Steve-Eye: Equipping LLM-based Embodied Agents with Visual Perception in Open Worlds

Authors: Sipeng Zheng, jiazheng liu, Yicheng Feng, Zongqing Lu

ICLR 2024 | Conference PDF | Archive PDF | Plain Text | LLM Run Details

Reproducibility Variable Result LLM Response
Research Type Experimental We carry out extensive experiments from a wide range of perspectives to validate our model s capability to strategically act and plan. The project s website and code can be found at https://sites.google.com/view/steve-eye.
Researcher Affiliation Collaboration Sipeng Zheng1, Jiazheng Liu2, Yicheng Feng2, Zongqing Lu2,1 1 Beijing Academy of Artificial Intelligence 2 School of Computer Science, Peking University
Pseudocode No The paper does not contain explicit pseudocode or algorithm blocks.

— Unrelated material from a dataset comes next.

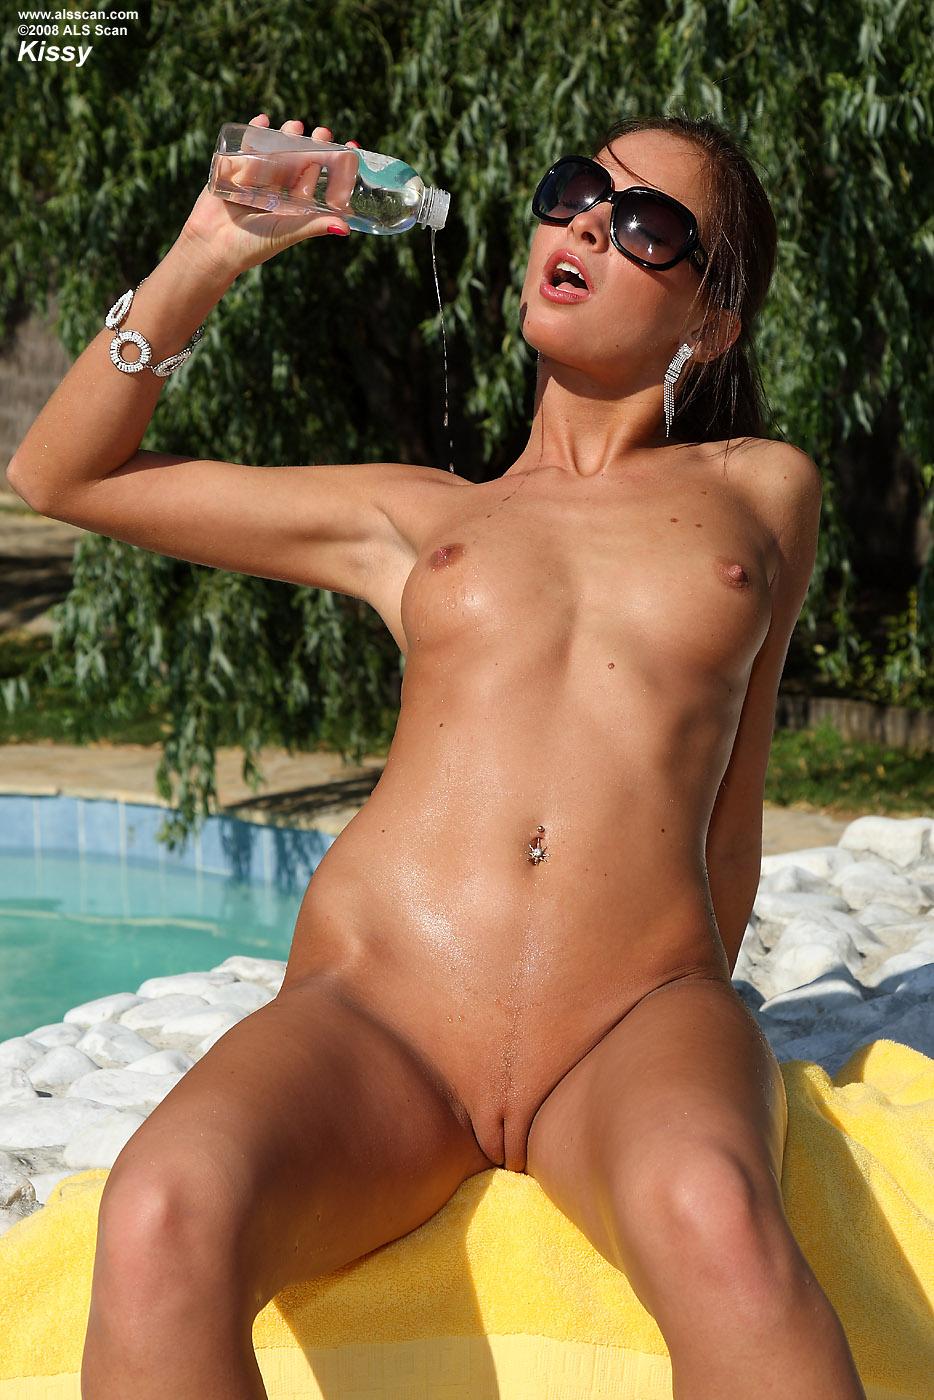 depilyatsiya-bikini-porno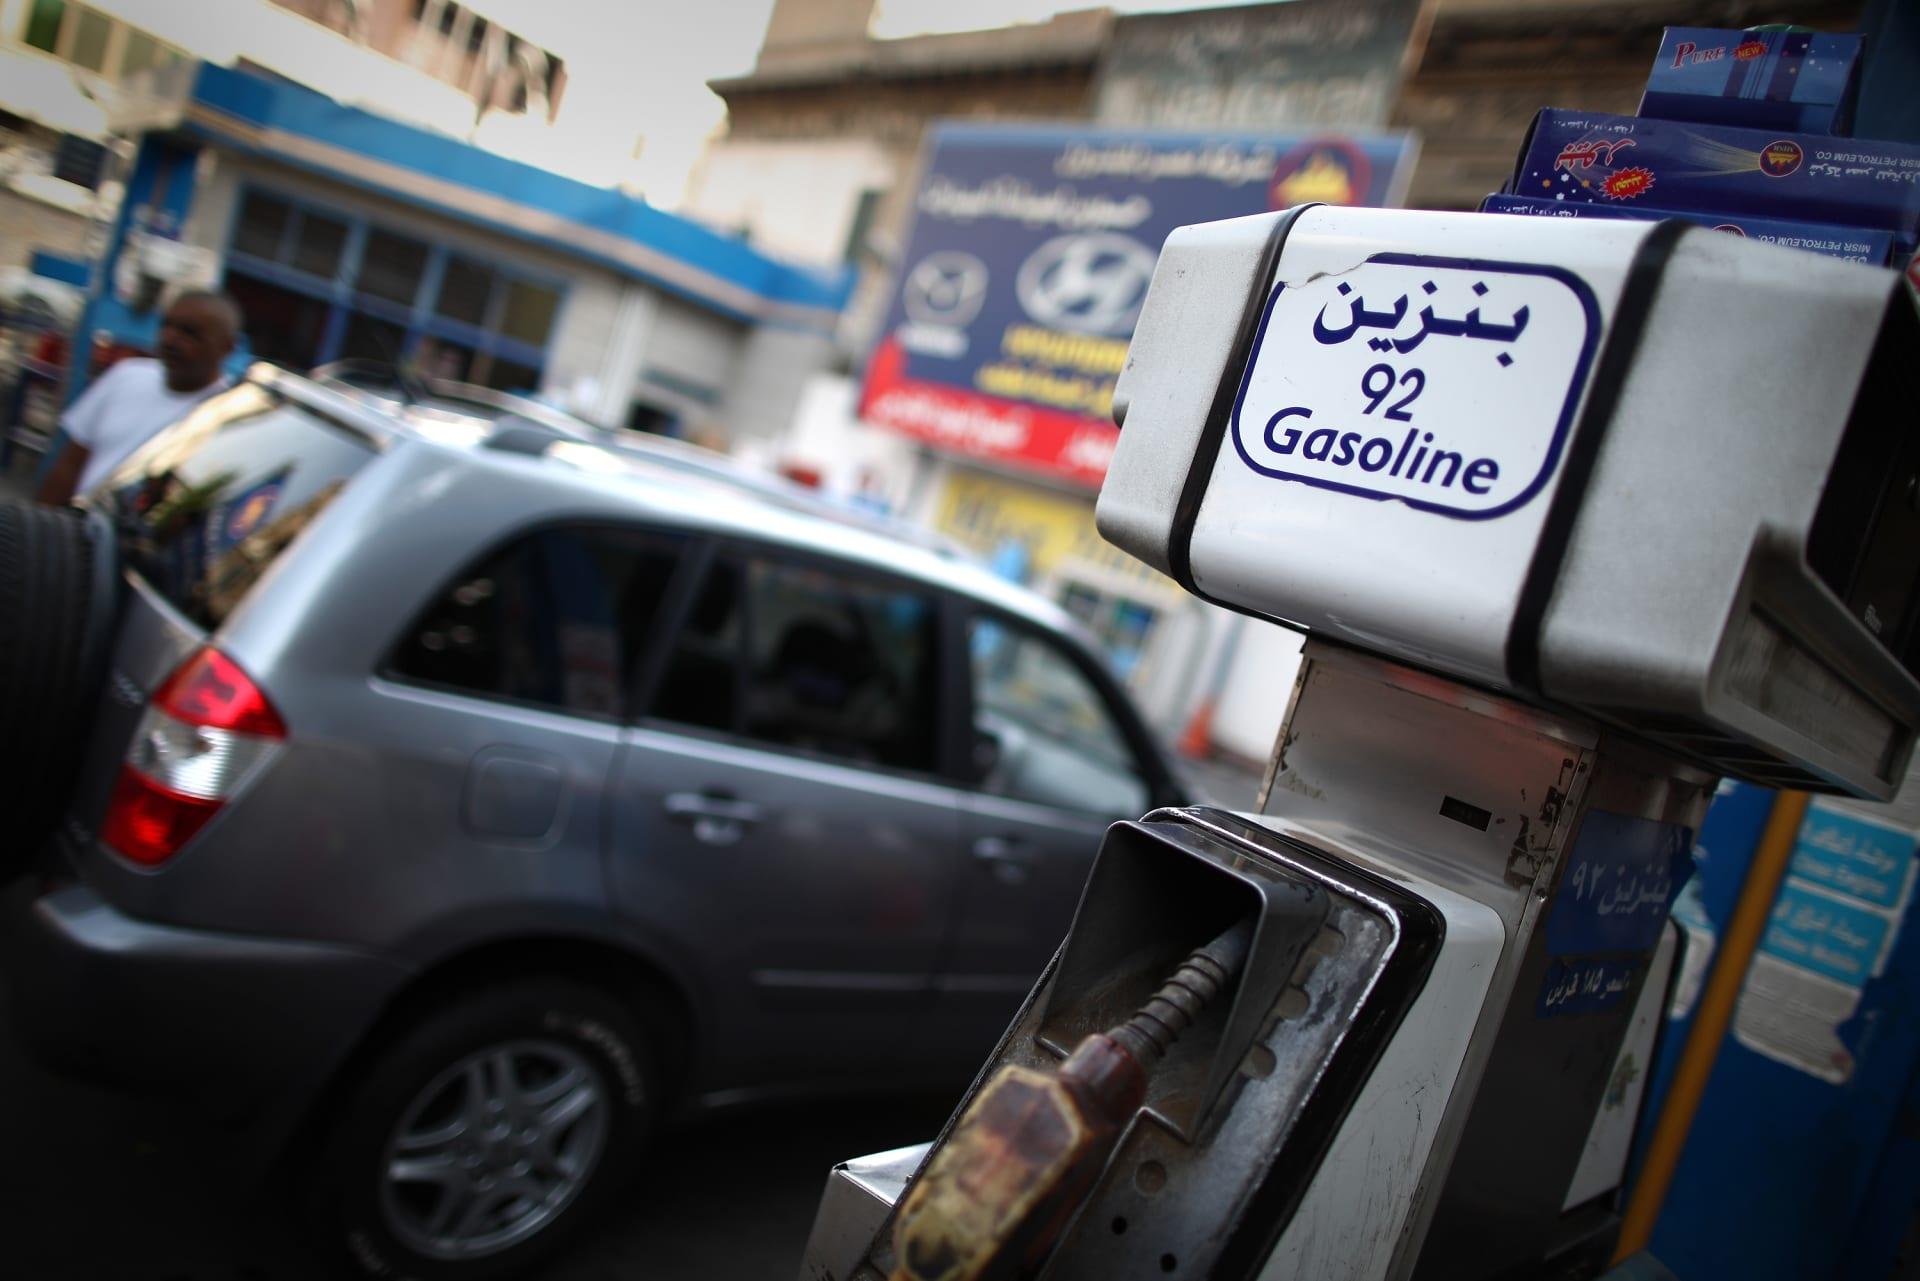 وزارة البترول المصرية: نُفعّل اتفاقيات استيراد النفط من العراق.. وسفير بغداد: الاتفاق يتضمن شروط سداد ميّسرة

It describes the model architecture and training procedure in narrative text and figures.
Open Source Code Yes The project s website and code can be found at https://sites.google.com/view/steve-eye.
Open Datasets Yes We choose Mine Dojo (Fan et al., 2022) as the Minecraft platform to collect our instruction data and conduct experiments. ...In Minecraft, such knowledge should contain item recipes, details of item attributes, their associated numerical value, etc. We access this vital information from Minecraft-Wiki (Fandom, 2023), which comprises an extensive collection of over 9,000 HTML pages.
Dataset Splits No The paper mentions collecting 850K instruction-answer pairs for model training and refers to 'test sets' and a 'validation dataset' (FK-QA test set) for evaluation. However, it does not specify the exact percentages or counts for a general train/validation/test split for the overall 850K dataset used for training, making exact reproduction of the data partitioning challenging without this information.
Hardware Specification No The paper does not provide specific hardware details such as GPU models, CPU types, or memory specifications used for running the experiments. It mentions using models like LLaMA-2 but not the underlying hardware.
Software Dependencies No The paper mentions software components and models such as LLaMA-2 (Touvron et al., 2023b), CLIP (Radford et al., 2021), VQ-GAN (Esser et al., 2021), LoRA (Hu et al., 2021), MineDojo (Fan et al., 2022), and ChatGPT (OpenAI, 2022). However, it does not specify version numbers for these software dependencies, which are necessary for reproducible descriptions.
Experiment Setup No The paper describes the overall two-stage instruction-tuning strategy, the size of the visual codebook and language vocabulary, and the use of LoRA. However, it lacks specific numerical details for hyperparameters such as learning rates, batch sizes, number of epochs, or optimizer configurations, which are essential for fully reproducing the experimental setup.